Se queja Salinas Pliego en instancias internacionales por su deuda con el SAT; acusa persecución política
Este martes por la mañana, el pleito entre el empresario Ricardo Salinas Pliego y el Gobierno de Claudia Sheinbaum por las deudas fiscales del magnate escaló a niveles internacionales, luego de que el dueño de TV Azteca solicitara a la Comisión Interamericana de Derechos Humanos (CIDH) aceptar su denuncia contra el Estado mexicano. Salinas Pliego argumenta ser objeto de "persecución" desde 2023, cuando la actual administración intensificó las acciones para cobrar los dineros que debe al fisco, algunos de los cuales datan de 2007.
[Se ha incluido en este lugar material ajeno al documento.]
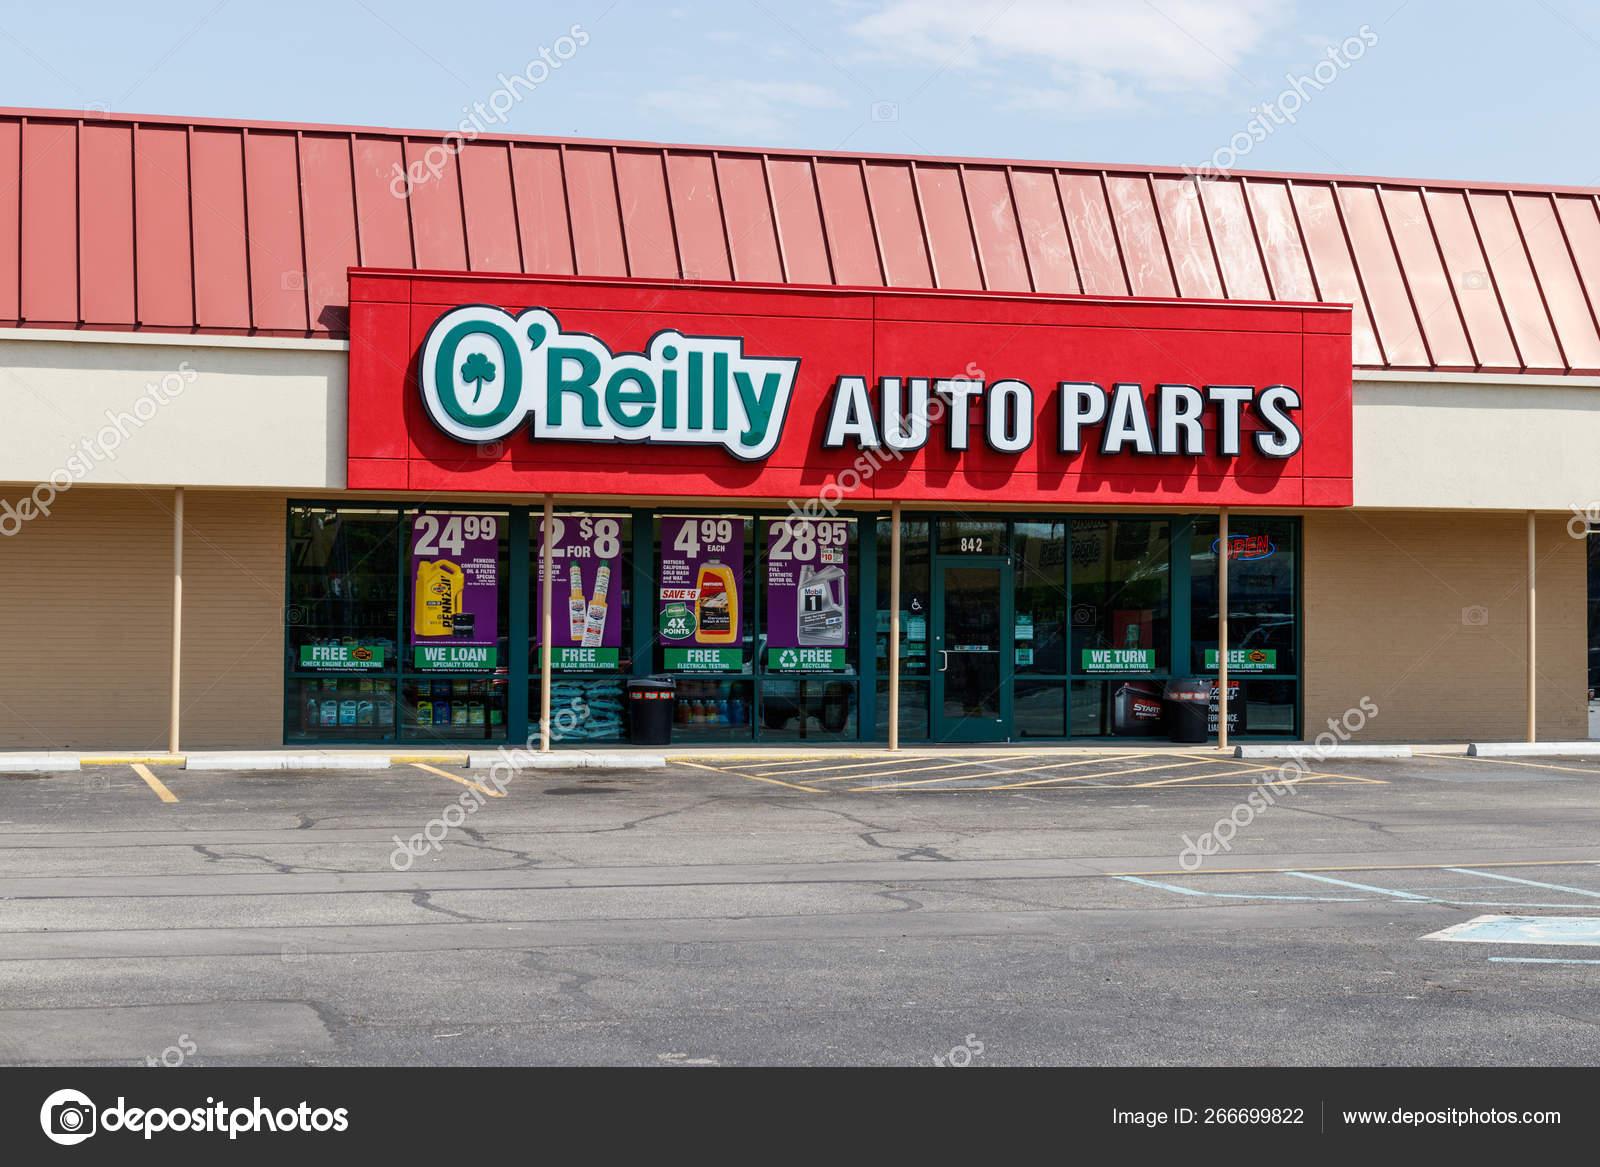 Orally Auto Part Near Me >> Tipton Circa May 2019 O Reilly Auto Parts Store O Reilly
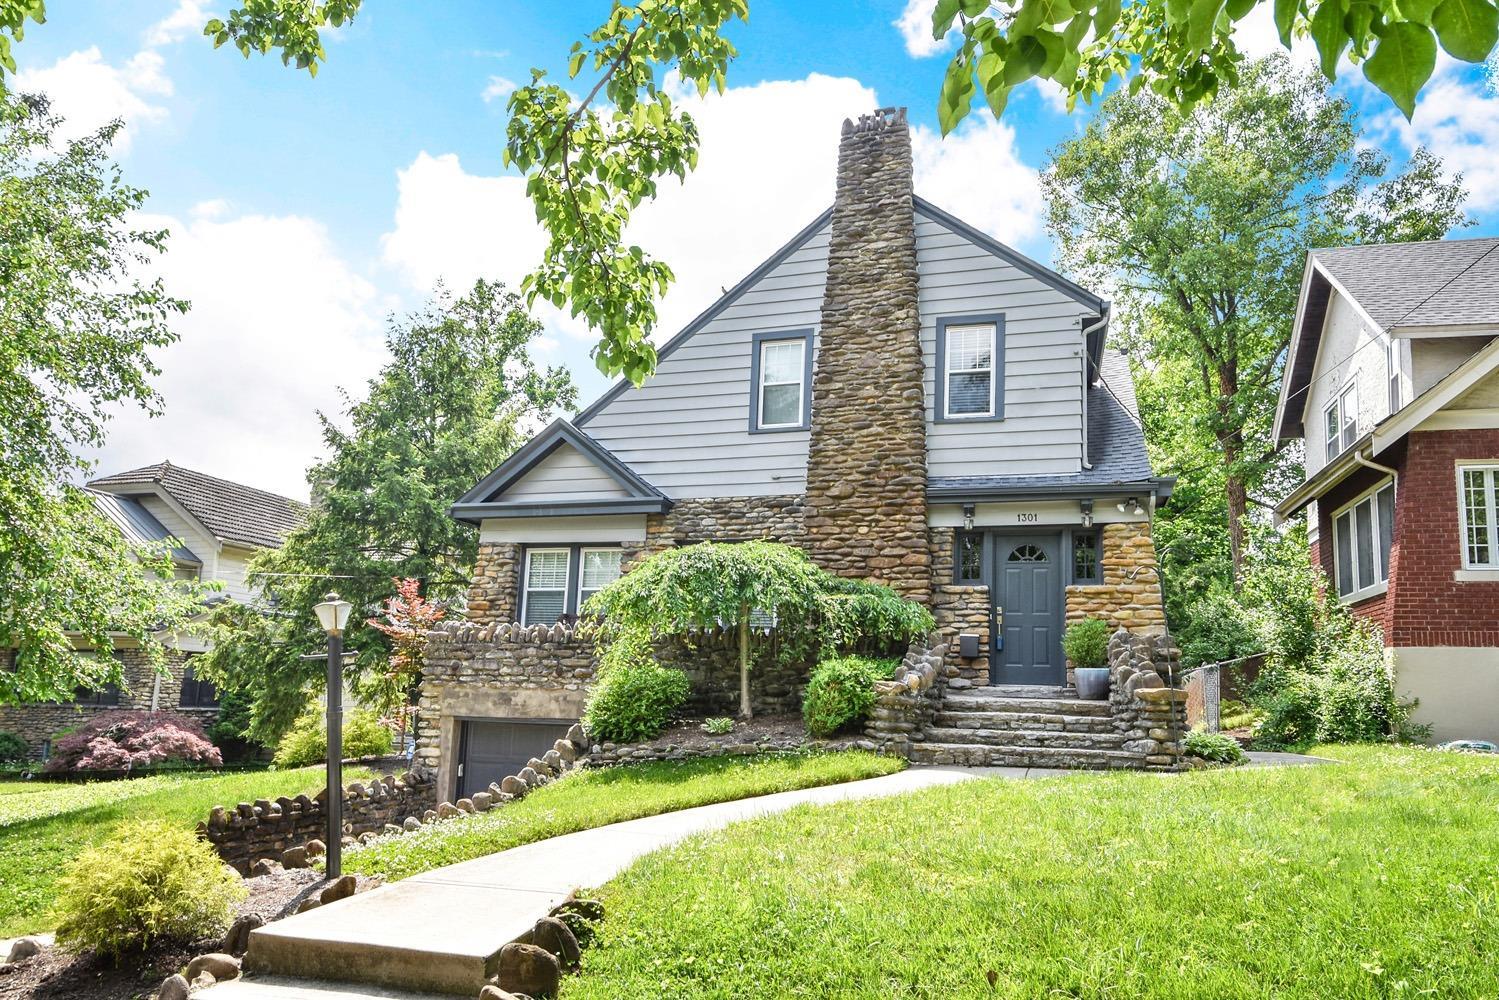 Property for sale at 1301 Duncan Avenue, Cincinnati,  Ohio 45208

Las deudas fiscales del grupo empresarial de Salinas Pliego son significativas: en marzo de 2024, el entonces presidente Andrés Manuel López Obrador dio a conocer que ascendían a más de 63 mil millones de pesos, y posteriormente el Servicio de Administración Tributaria (SAT) estimó que superan los 74 mil millones de pesos. El titular del SAT en esa época detalló que más del 90% de este monto se relaciona con temas de consolidación fiscal que se remontan entre 1982 y 2013, cuando existía una figura que permitía diferir el pago del Impuesto sobre la Renta (ISR) y sumar ganancias y pérdidas dentro de un grupo empresarial, la cual fue cancelada en 2013.
Durante la gestión de Sheinbaum, el conflicto ha adquirido nuevas dimensiones. La presidenta ha señalado la intervención del Poder Judicial en el caso, criticando que la Suprema Corte de Justicia de la Nación (SCJN) haya aceptado amparos que permitieron a Grupo Elektra, propiedad de Salinas Pliego, posponer el pago de la deuda. Además, acusó al magnate de mantener "vínculos corruptos con jueces, magistrados y ministros" para evadir los pagos correspondientes al fisco.
La denuncia ante la CIDH y las posturas de ambas partes
En su solicitud ante la CIDH, Salinas Pliego afirma que la acción del Gobierno mexicano constituye una violación a sus derechos humanos, calificando las medidas fiscales como una campaña de persecución política. Por su parte, el Gobierno de Sheinbaum ha enfatizado que sus acciones buscan garantizar el cumplimiento de la ley fiscal, erradicar la corrupción dentro del sistema judicial y asegurar que todos los contribuyentes paguen lo que les corresponde para financiar los programas de bienestar y el desarrollo del país.
El empresario respondió a las acusaciones del gobierno señalando que se trata de un "golpe de estado" y que se está utilizando como chivo expiatorio para distraer la atención de otros problemas nacionales, como la delincuencia organizada, el robo de combustibles y la debilidad económica. Por el contrario, la administración sheinbaumista ha destacado que su reforma judicial busca fortalecer el sistema de justicia para que sirva a los intereses del pueblo y no a grupos económicos poderosos.